Before creating a new contact or enrolling a prospect in a sequence, the CRM Skill queries the existing database for matching email addresses and company domains. If a record exists with an active deal, an open sequence, or a "Do Not Contact" flag, the agent skips the prospect and logs the reason. This deduplication step runs automatically as part of the workflow and prevents the embarrassing situation of cold-emailing a prospect who is already in active contract negotiations.

What sending limits should I set to avoid email spam flags?

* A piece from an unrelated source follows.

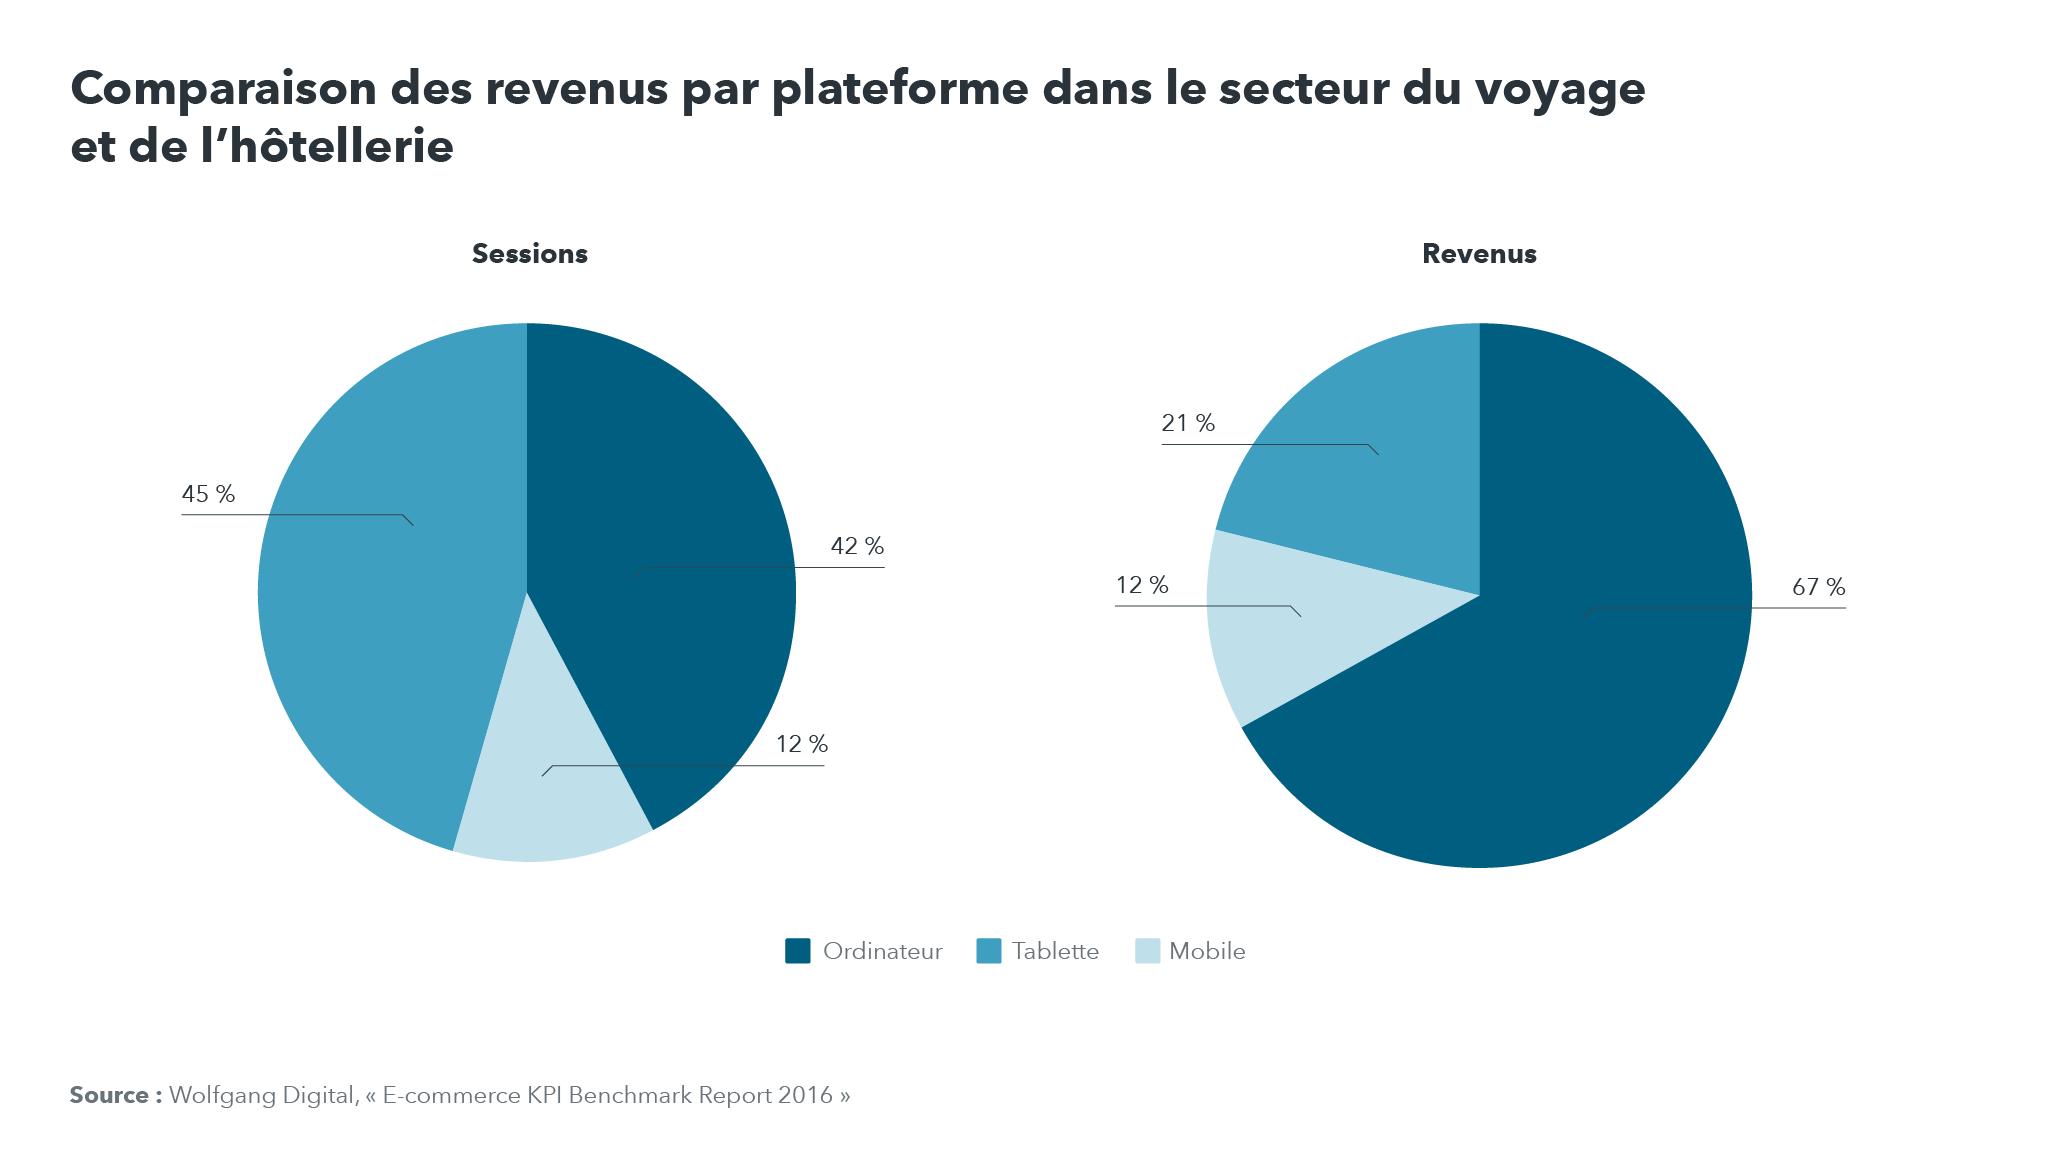 Comparaison de la part des revenus par plateforme dans le secteur du voyage et de l'hôtellerie : plus de visites sur mobile, mais davantage de revenus sur les ordinateurs de bureau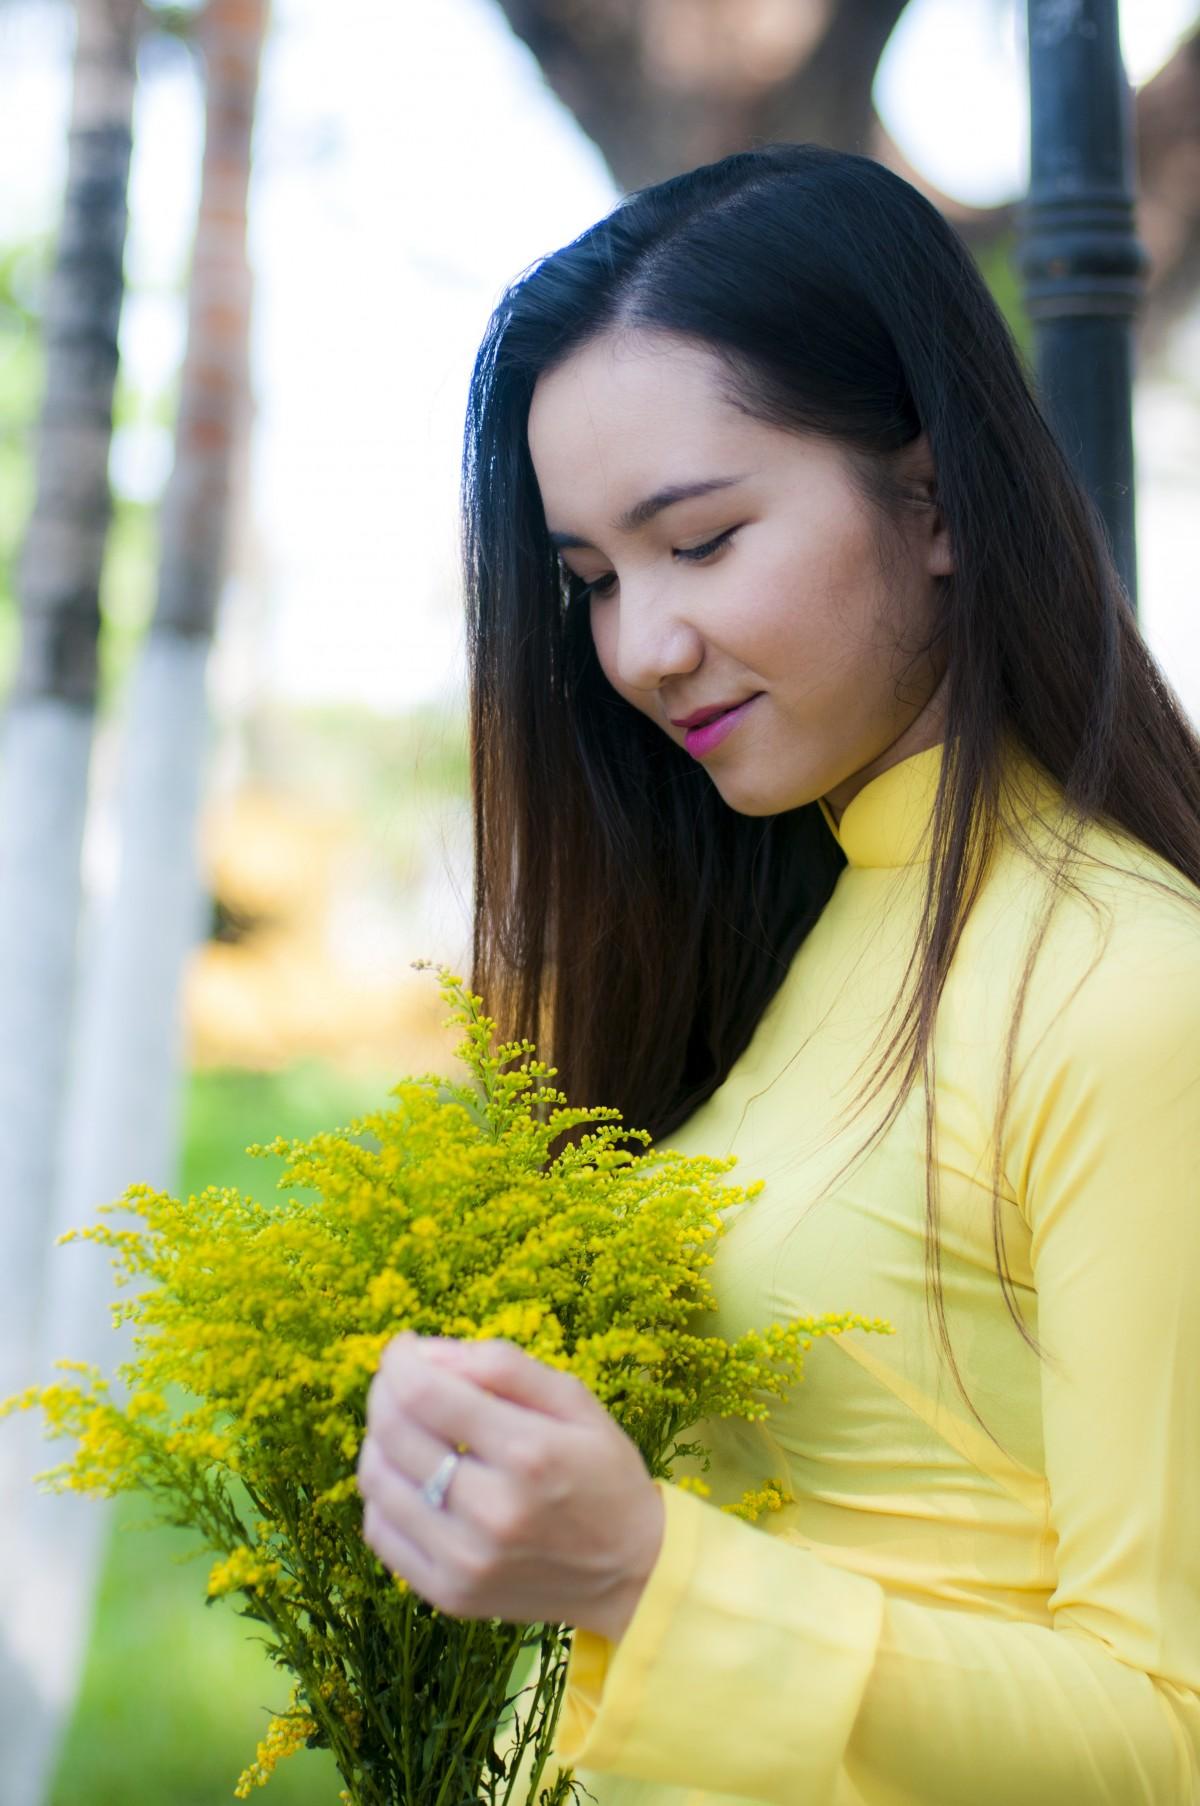 orang gadis wanita fotografi bunga potret

Cold outreach deliverability degrades quickly above certain volume thresholds. Recommended limits: maximum 50 cold emails per day per sending domain, minimum 5-minute intervals between sends, and a 3-day minimum between follow-ups to the same prospect. The Email Skill supports configurable rate limiting and sending windows (e.g., send only between 9 AM and 5 PM in the prospect's timezone). Always warm up new sending domains for at least 2 weeks before scaling to full volume.

How do I measure the ROI of an AI lead generation workflow?

The primary metrics to track are time-to-pipeline (how long from identifying a prospect to creating an opportunity in CRM), sequence reply rate (industry benchmark: 5–15% for well-targeted cold outreach), and pipeline generated per hour of agent runtime. Compare these against your previous manual prospecting baseline. Most teams see a 4–8x improvement in leads researched per hour and a 2–3x improvement in personalisation quality when agent enrichment replaces manual research.